▶ [Task requirements]
An exact copy of the data below is needed; please leave out any pictures.
***** Data extract
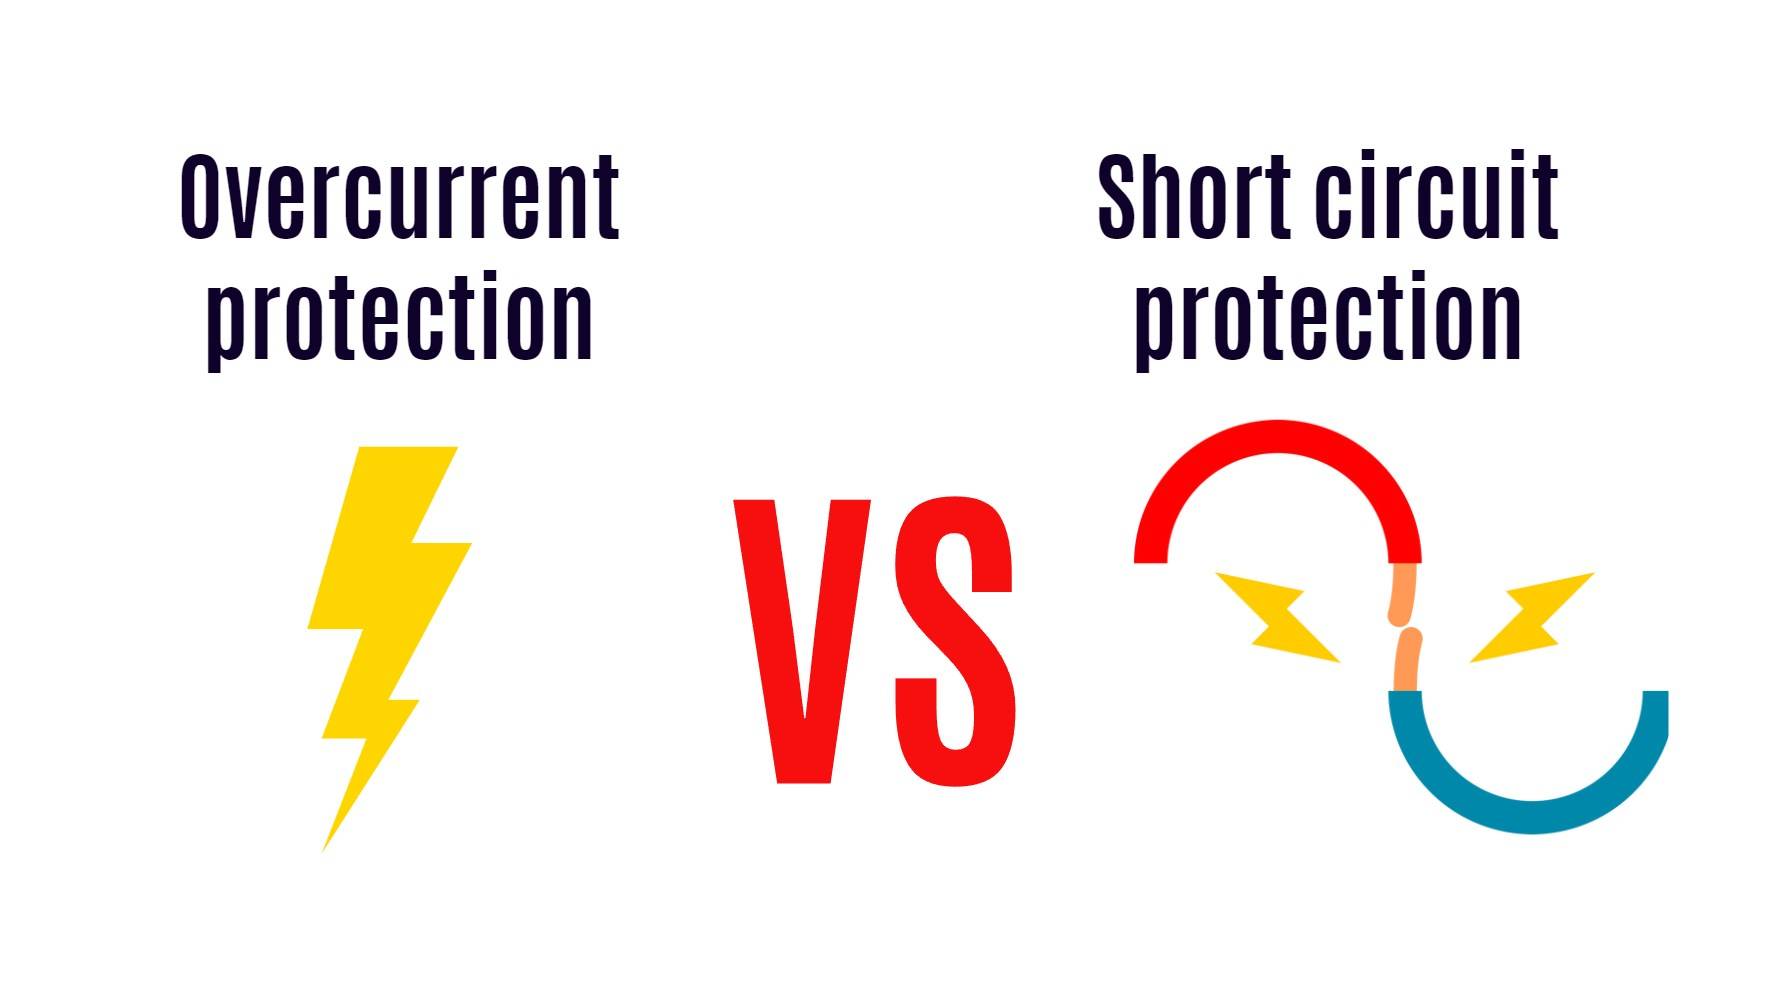 Overcurrent protection vs. Short circuit protection in Battery BMS
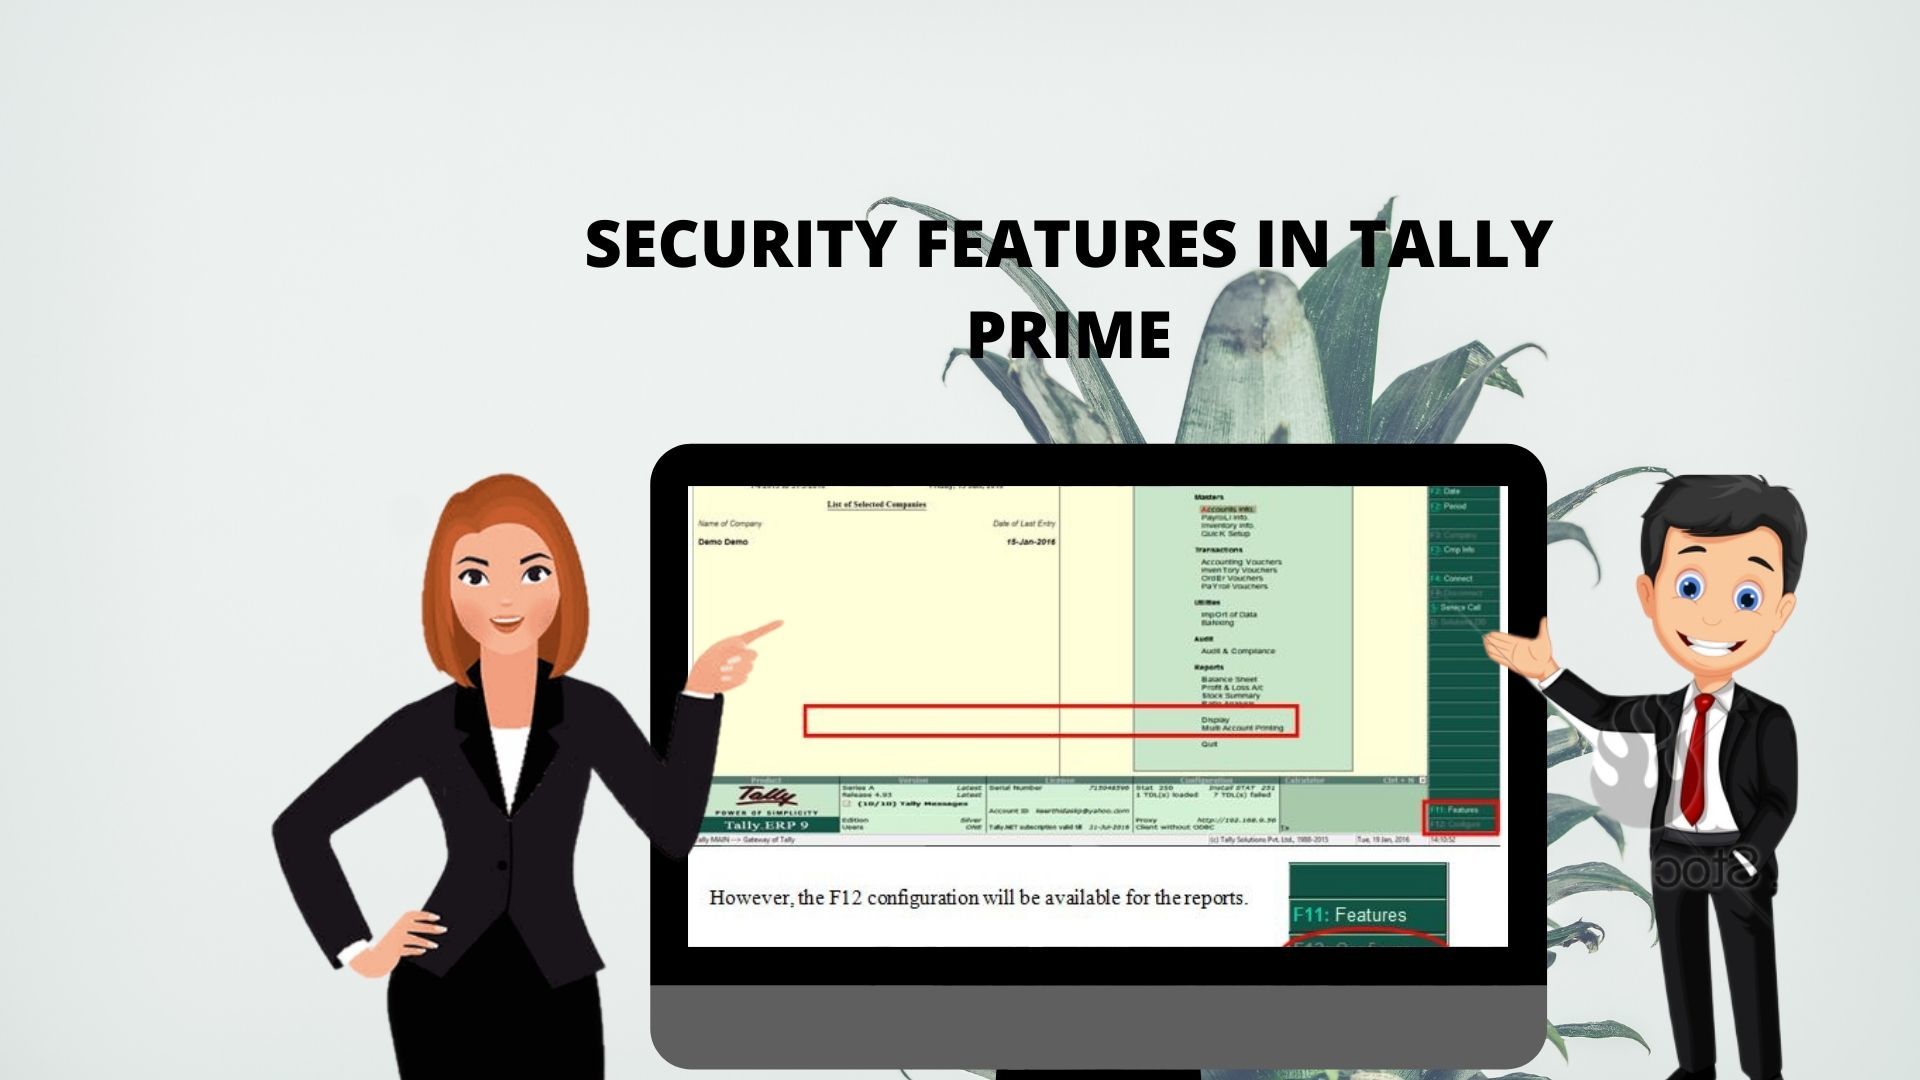 SECURITY FEATURES
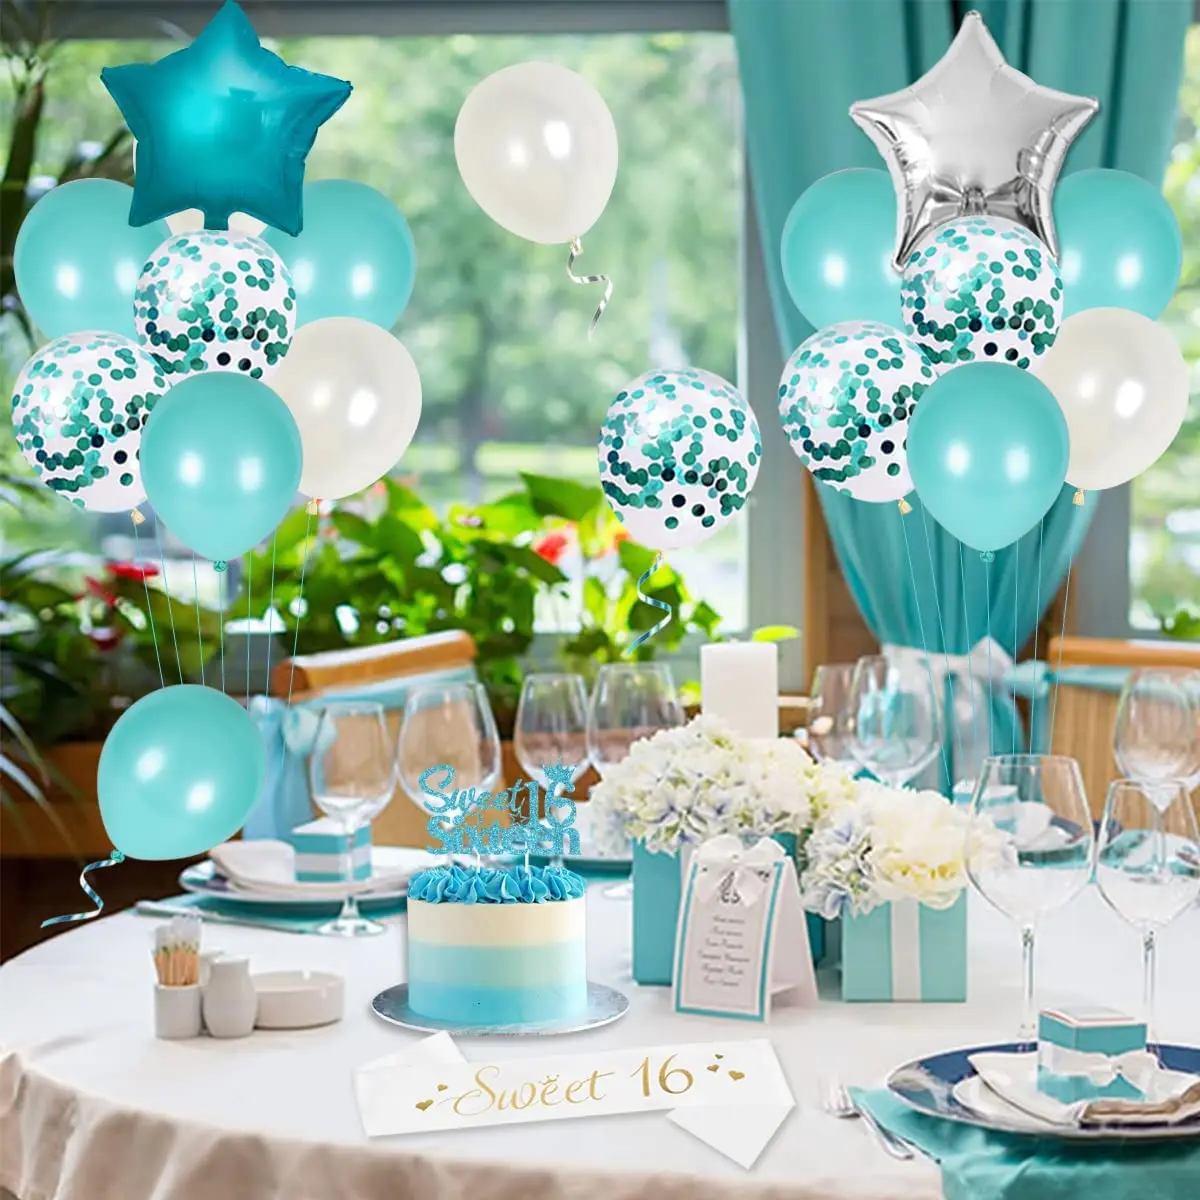 Teal Puff Ball Tissue Decoration - 16 in.
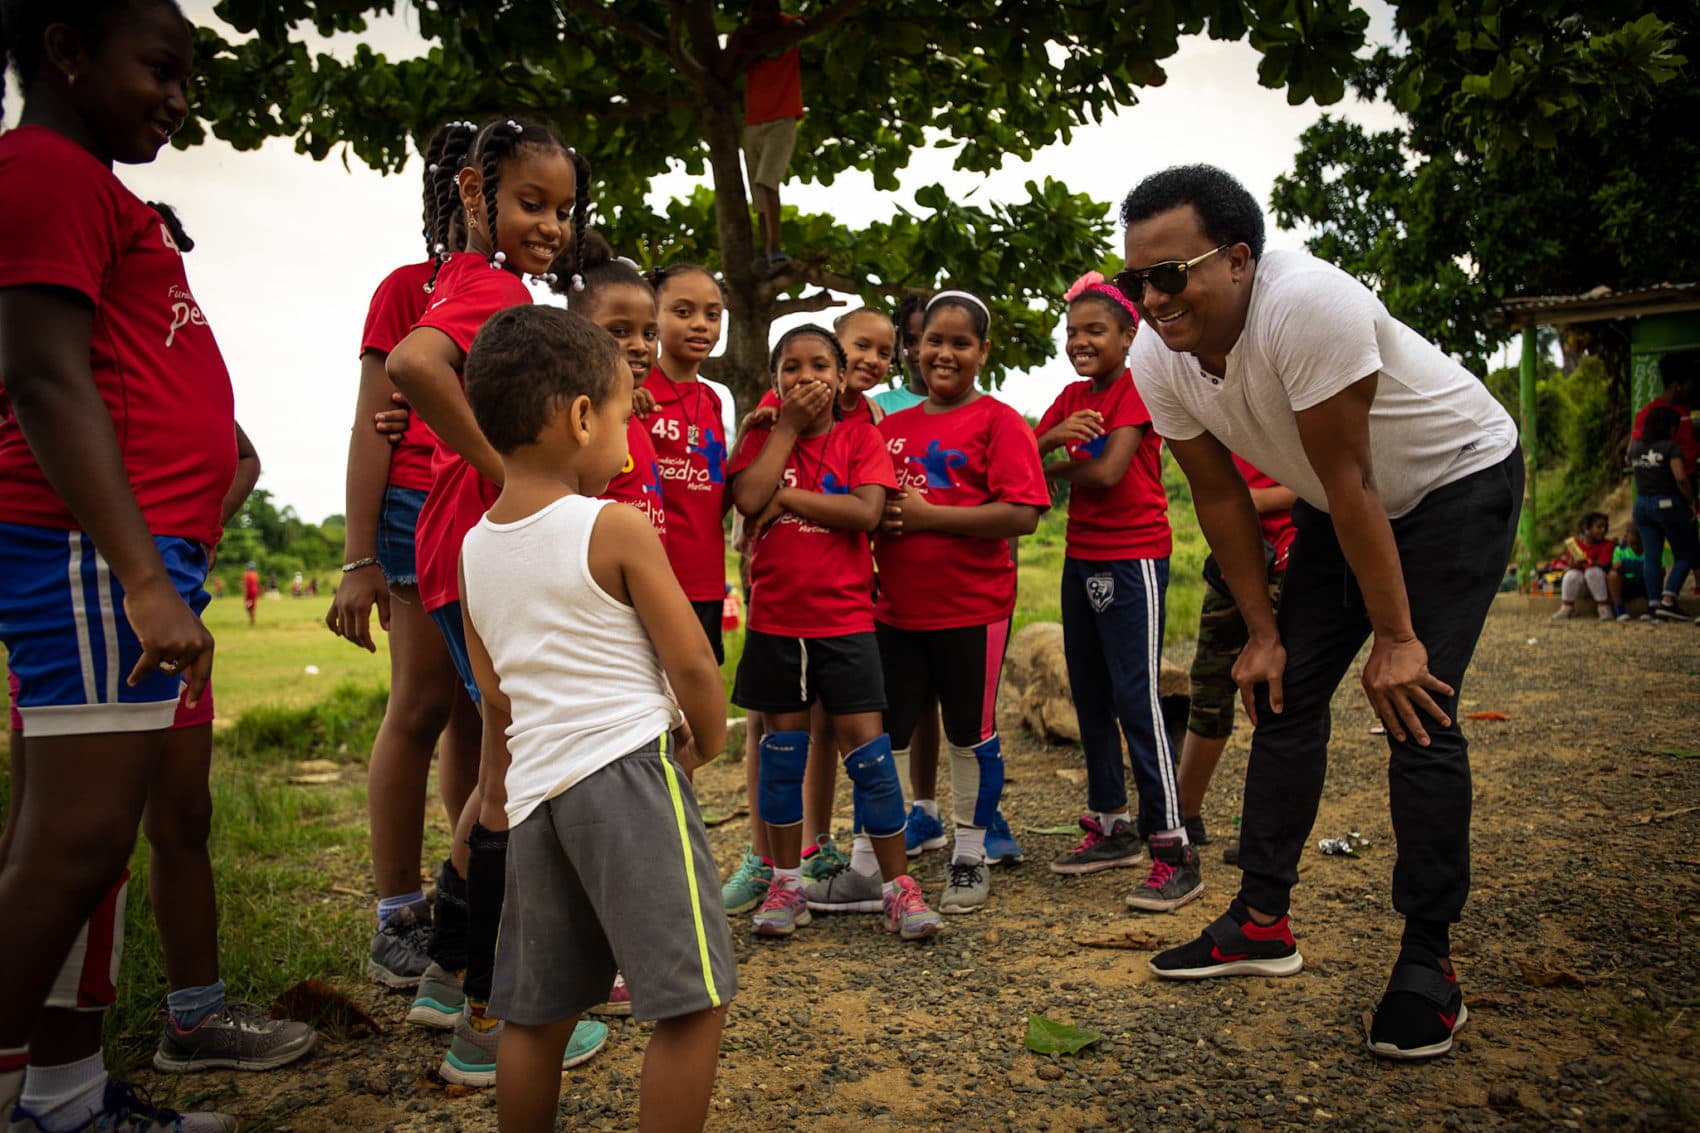 Pedro Martinez and wife go to bat for at-risk youths, Sports
**********
▶ [Solved exercise]
 Overcurrent protection vs. Short circuit protection in Battery BMS
 SECURITY FEATURES
 Teal Puff Ball Tissue Decoration - 16 in.
 Pedro Martinez and wife go to bat for at-risk youths, Sports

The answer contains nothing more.